*What you should do*
Restate word for word the lines below that run from the one holding "Abonnement pour World" through the one holding "Main Image - Frye", inclusive. Pictures don't belong in the copy.

*Exercise materials*
-*-

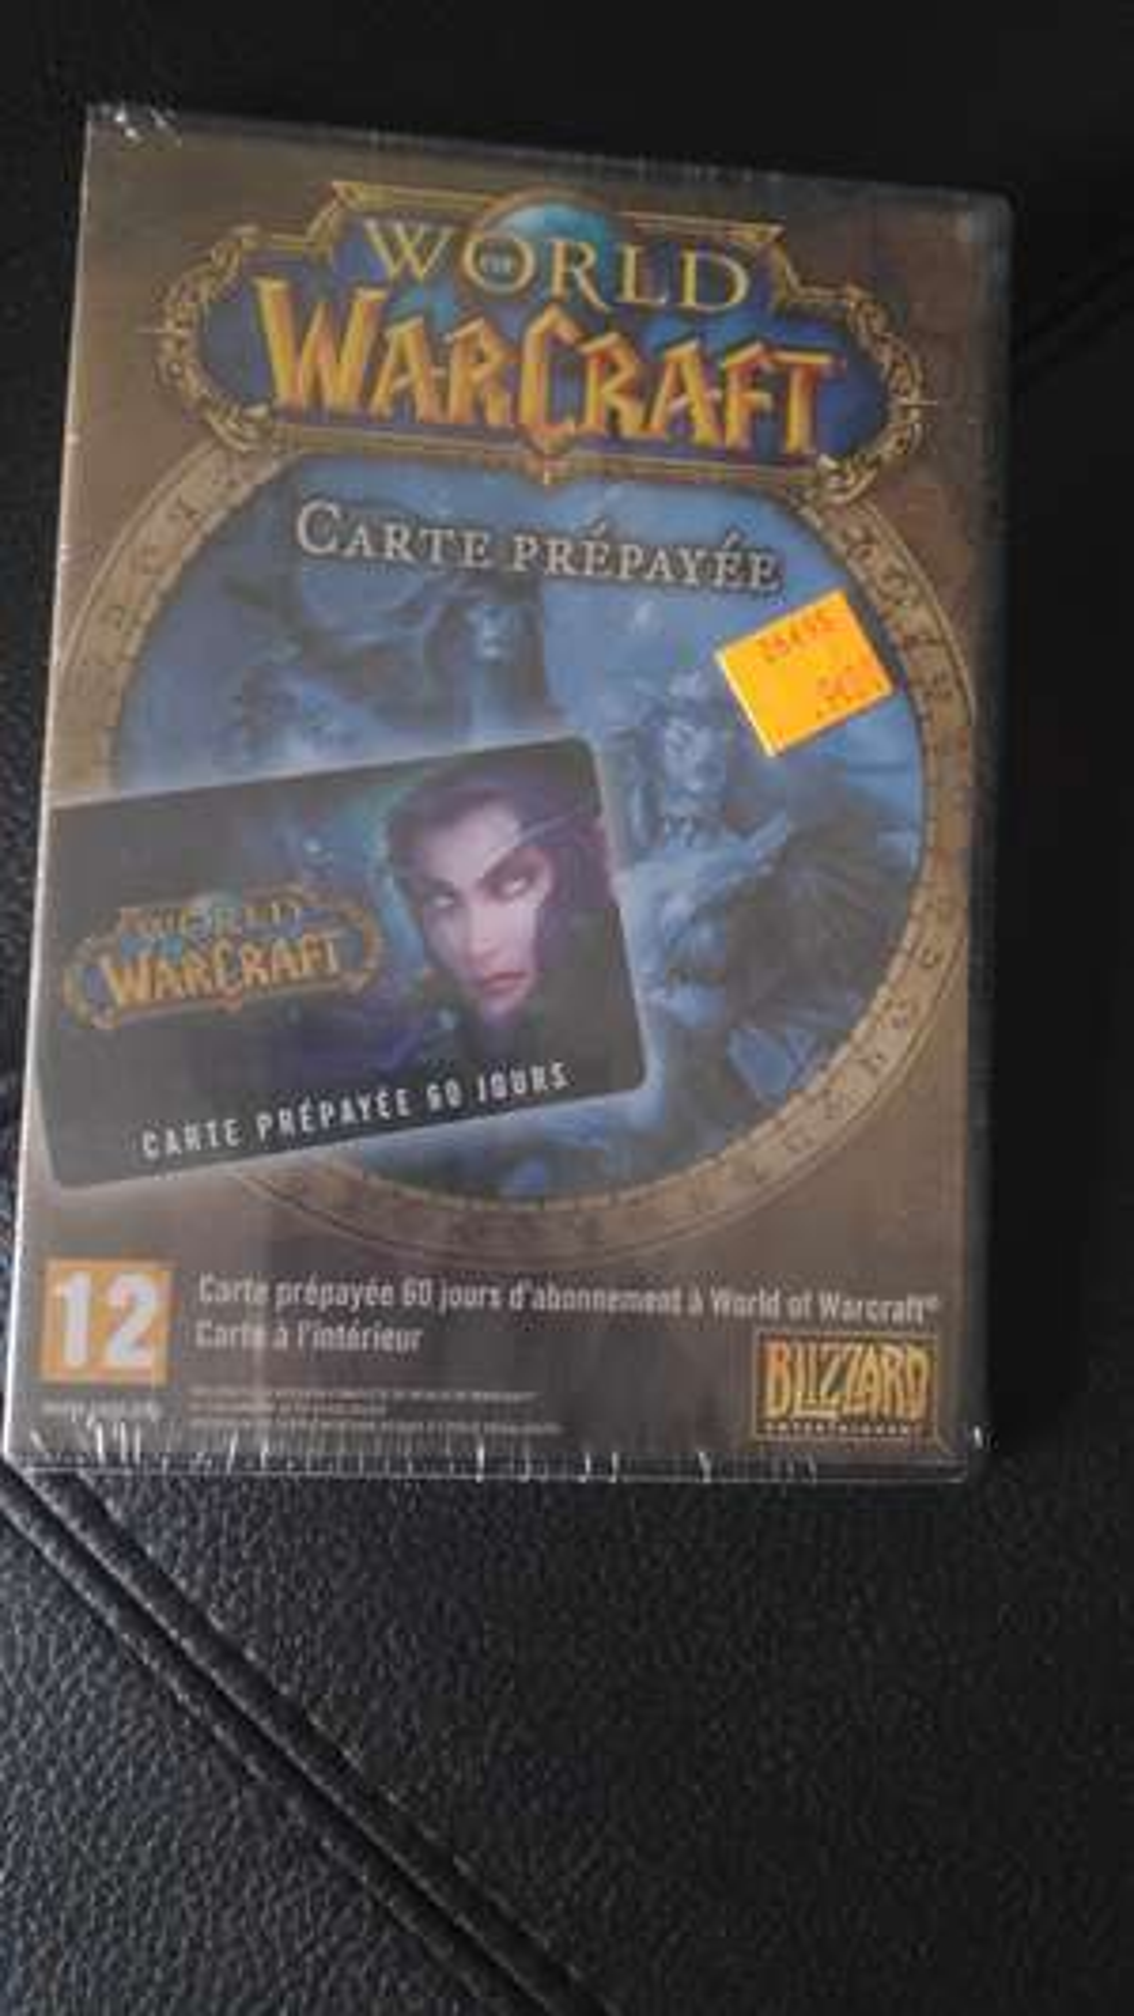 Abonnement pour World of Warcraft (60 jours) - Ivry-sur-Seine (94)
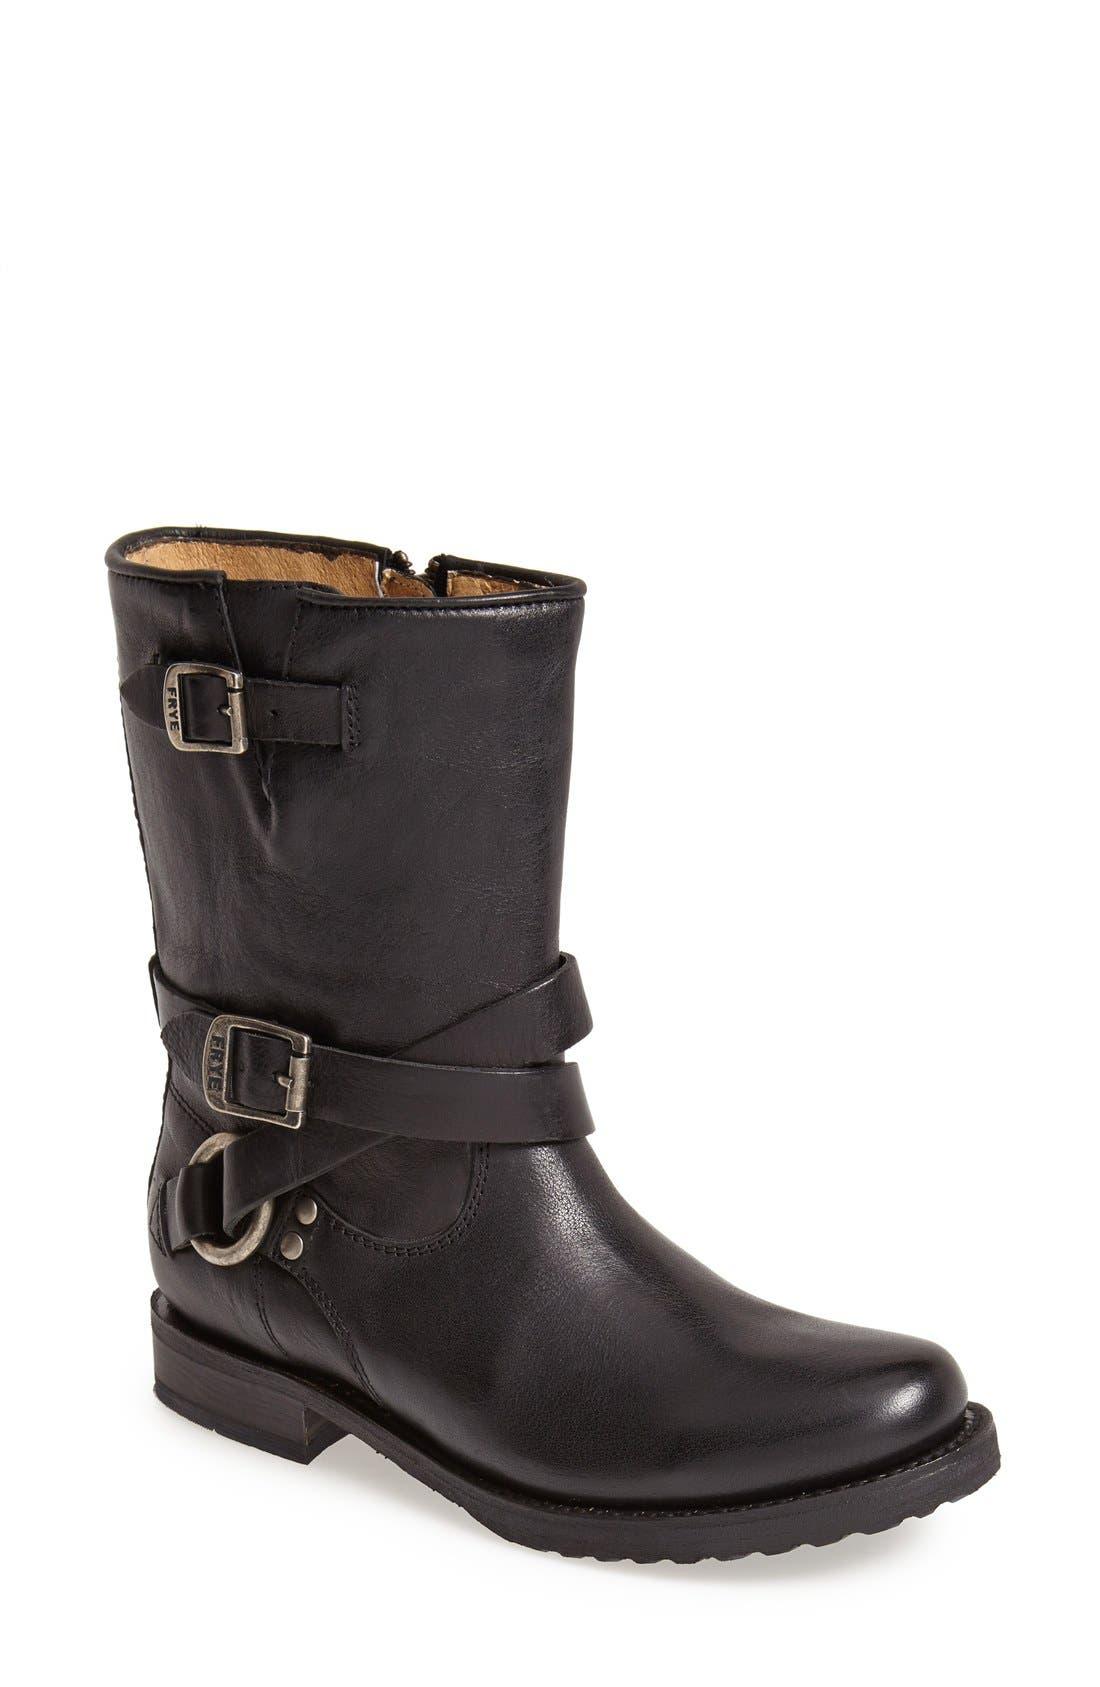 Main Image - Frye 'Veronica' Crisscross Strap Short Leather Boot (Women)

-*-

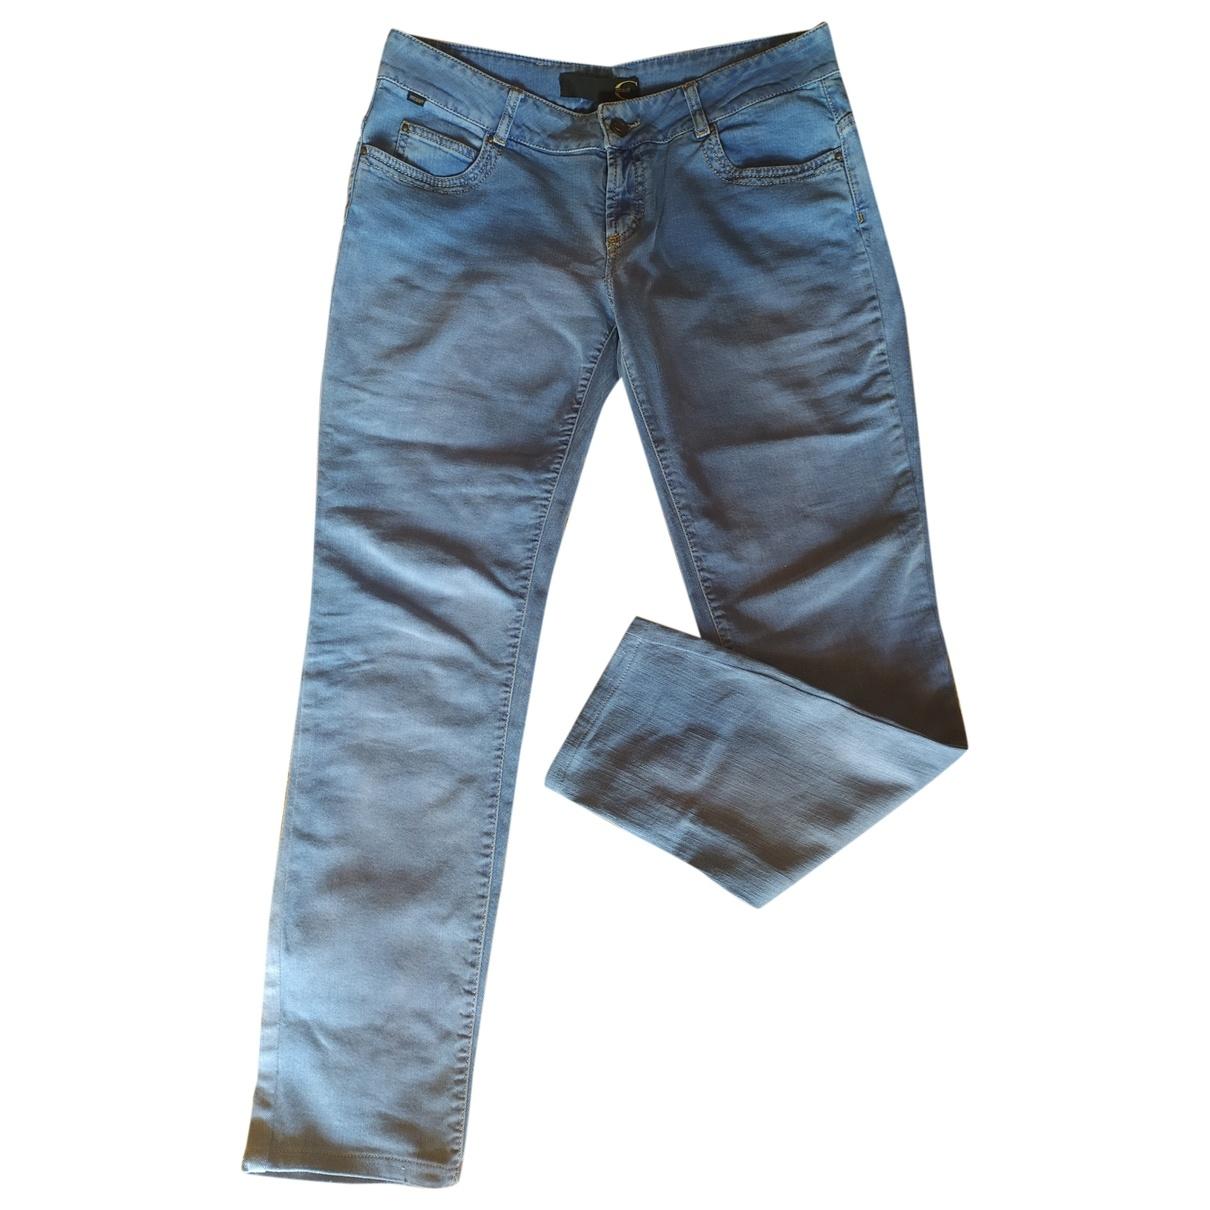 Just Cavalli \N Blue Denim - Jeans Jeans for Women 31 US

-*-

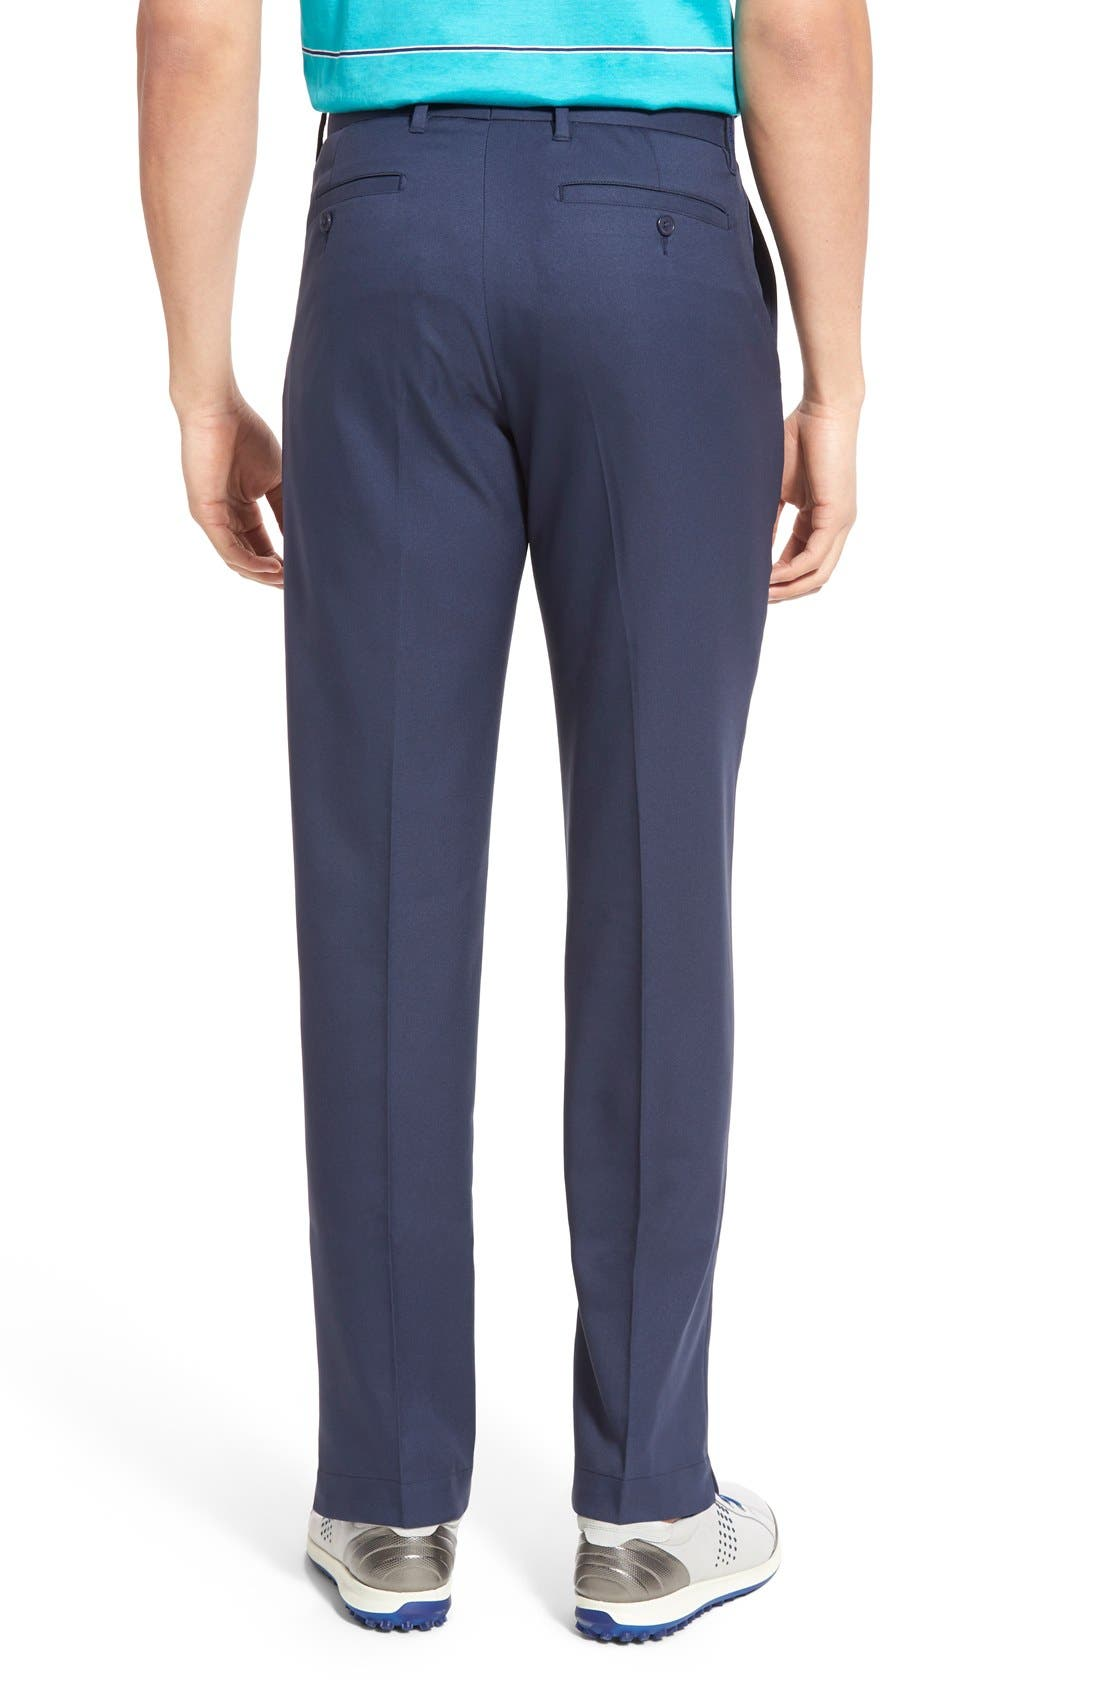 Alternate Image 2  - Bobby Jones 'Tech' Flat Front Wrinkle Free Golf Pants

-*-

*Answer space*
 Abonnement pour World of Warcraft (60 jours) - Ivry-sur-Seine (94)
 Main Image - Frye 'Veronica' Crisscross Strap Short Leather Boot (Women)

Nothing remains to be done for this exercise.